Единорог замерла в своем медленном отчаянном кружении по клетке, впервые осознав, что волшебник понимает ее речь. Тот улыбнулся, и единорог увидела, что его лицо пугающе молодо для взрослого человека: его, проходя, не затронуло время, к нему не заглядывали ни горести, ни мудрость.
— Я знаю тебя, — сказал он.
Прутья клетки снова злобно зашептались между собой. Рух уже вел толпу ко внутренним фургонам. Единорог спросила высокого человека:
— Кто ты?
— Меня называют Шмендрик–Волшебник, — ответил тот. — Ты обо мне не слыхала.
Единорог чуть было не начала объяснять, что едва ли она могла слышать о том или ином колдуне вообще, но что–то печальное и мужественное в голосе волшебника удержало ее. Волшебник продолжал:
— Я развлекаю зрителей, которые собираются на представление. Магические миниатюры — просто фокусы: цветочки во флажочки, флажочки в рыбок и все это сопровождается убедительной болтовней и намеками, что я мог бы творить и более зловещие чудеса, если бы захотел. Работа неважная, но у меня были и похуже — а когда–нибудь будет и получше. Это еще не конец.
Но тут звук его голоса заставил единорога ощутить, что она поймана навеки, и она снова принялась мерять шагами клетку — движение удерживало сердце, готовое вырваться из груди от страха.
Рух уже стоял пред клеткой, в которой не было никого, кроме маленького коричневого паучка, плетущего скромную паутину между прутьев.
— Арахна Лидийская, — сообщил Рух толпе. — Совершенно определенно величайшая ткачиха в мире. Ее судьба — этому доказательство. Ей не повезло, и она победила богиню Афину в состязании по ткачеству. Афина проигрывать не любила, и теперь Арахна — паучиха и создает свои творения только для Полночного Карнавала Мамаши Фортуны по особой договоренности. Основа — из снега, а ткань — из огня, узор — без повторов, ткачиха — без сна. Арахна.
Растянутая на раме из железных прутьев, паутина была очень простой и почти бесцветной. Лишь изредка на ней дрожали радуги, когда паучиха суетливо пробегала, вдевая свою нить туда, куда надо. Но эта паутина притягивала взоры зрителей — и единорога тоже: туда–сюда, все глубже и глубже, пока, наконец, не начинало казаться, что они вглядываются в огромные расщелины мира, черные пропасти, что неумолимо расширяются и не разваливают мир на куски только потому, что его стягивает эта паутина Арахны. Единорог встряхнулась и со вздохом освободилась от наваждения: теперь перед нею снова была обычная паутина, очень простая и почти бесцветная.
— Это не похоже на остальное, — сказала она.

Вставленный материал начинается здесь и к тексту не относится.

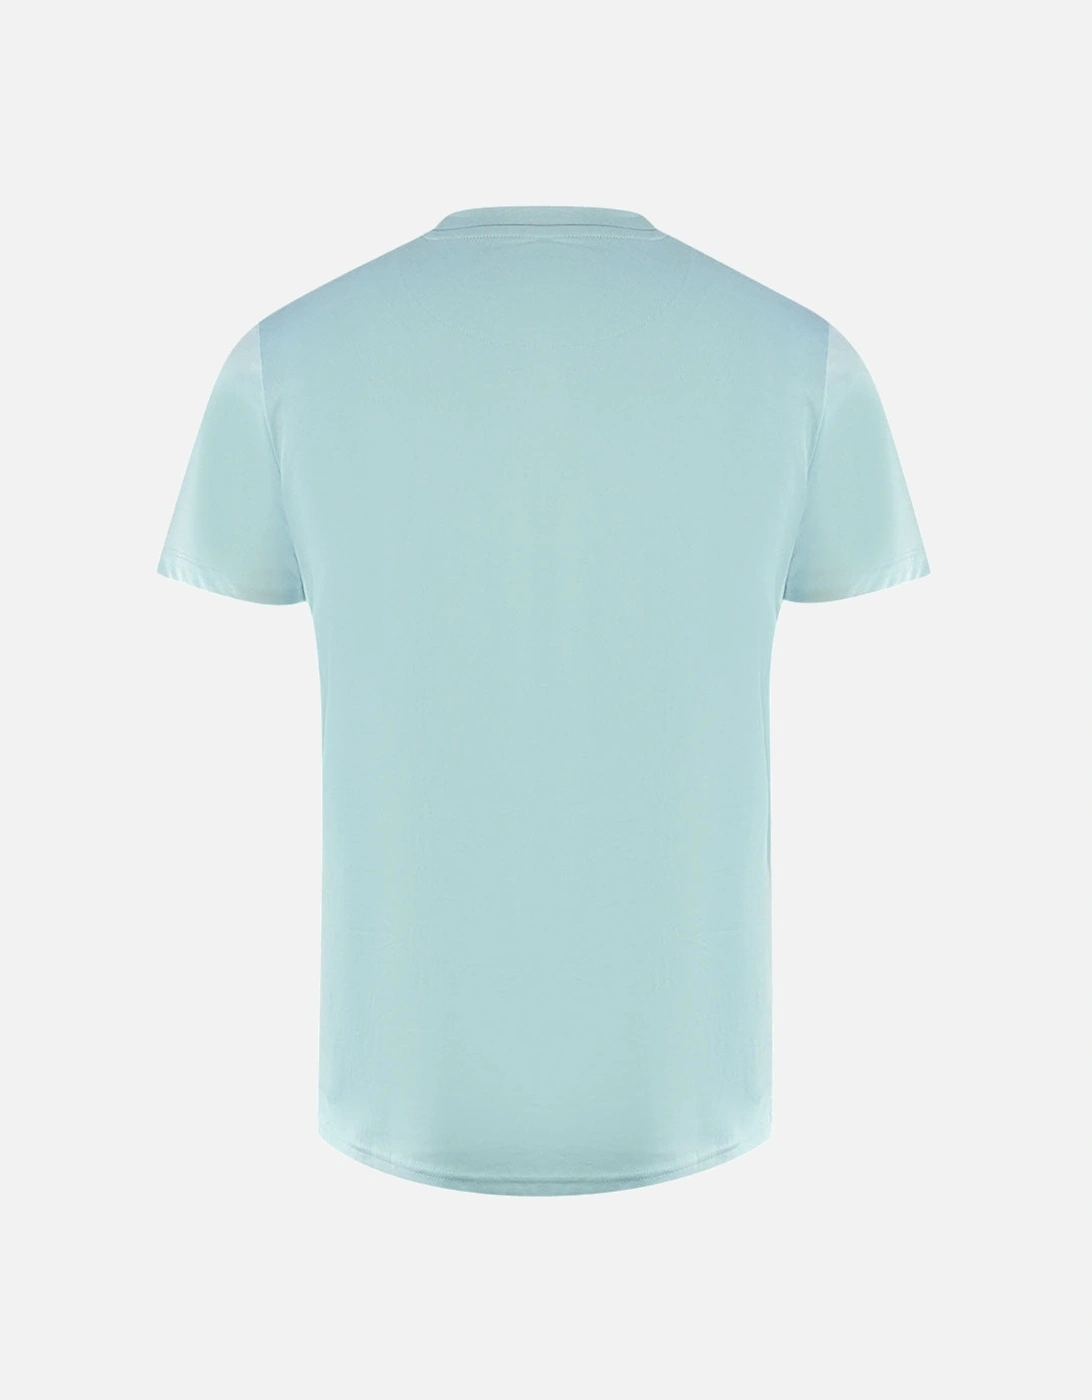 London 1851 Split Logo Sky Blue T-Shirt
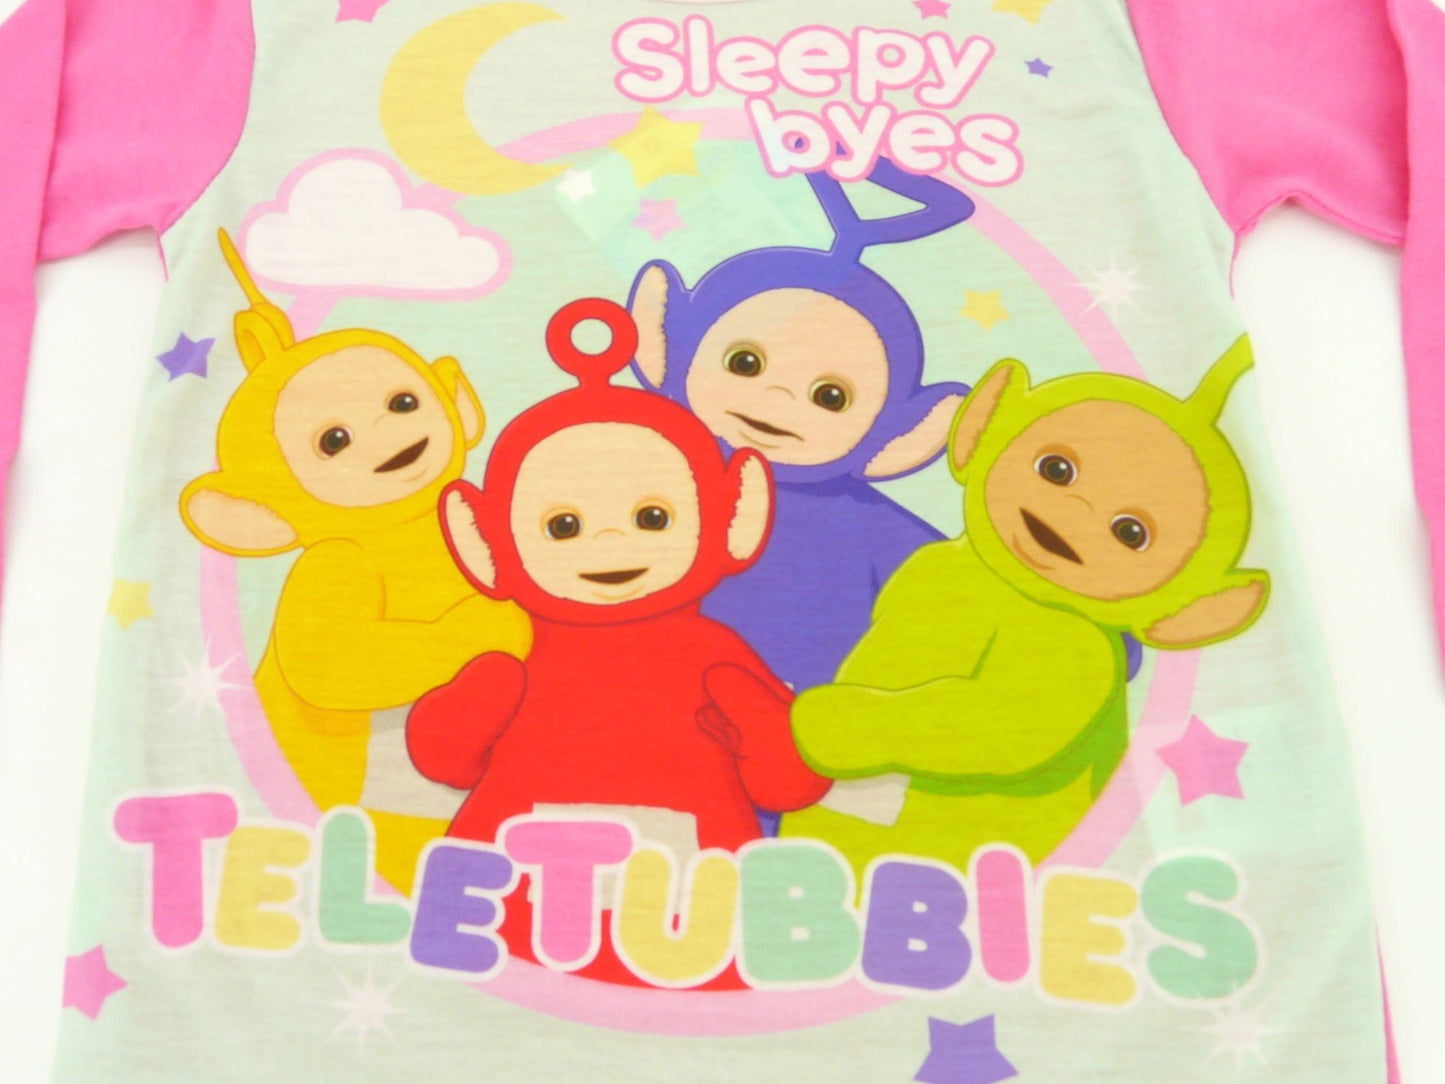 Teletubbies "Sleepy Byes" Girl's Cotton Pyjamas

— Не похоже, — проворчал, соглашаясь, Шмендрик. — Но это заслуга не Мамаши Фортуны. Видишь ли, паучиха сама в это верит. Она сама видит эти кошачьи колыбельки и считает их собственной работой. В магии Мамаши Фортуны вся разница заключена в том, веришь ты или нет. Если бы только это полчище недоумков поумерило свою страсть к чудесам, от всего ее ведьмовского колдовства ничего бы не осталось, кроме паучьего всхлипывания. Да и того никто бы не услышал.
Единорогу не хотелось больше смотреть в паутину. Она взглянула в клетку, которая стояла ближе всех к ее собственной, и внезапно в груди у нее дыхание замерло холодным железом. На насесте из дуба там сидело создание с телом огромной бронзовой птицы и лицом старой ведьмы, стиснутым и смертоносным, как те когти, которыми она сжимала дерево. У нее были круглые лохматые медвежьи уши, но по чешуйчатым плечам ее, мешаясь с яркими лезвиями перьев, рассылались волосы лунного цвета, густые и молодые вокруг исполненного ненависти человечьего лица. От нее исходило мерцание, но при одном взгляде в ее сторону свет в небе гас. Увидев единорога, она испустила странный звук — что–то между шипом и хмыком.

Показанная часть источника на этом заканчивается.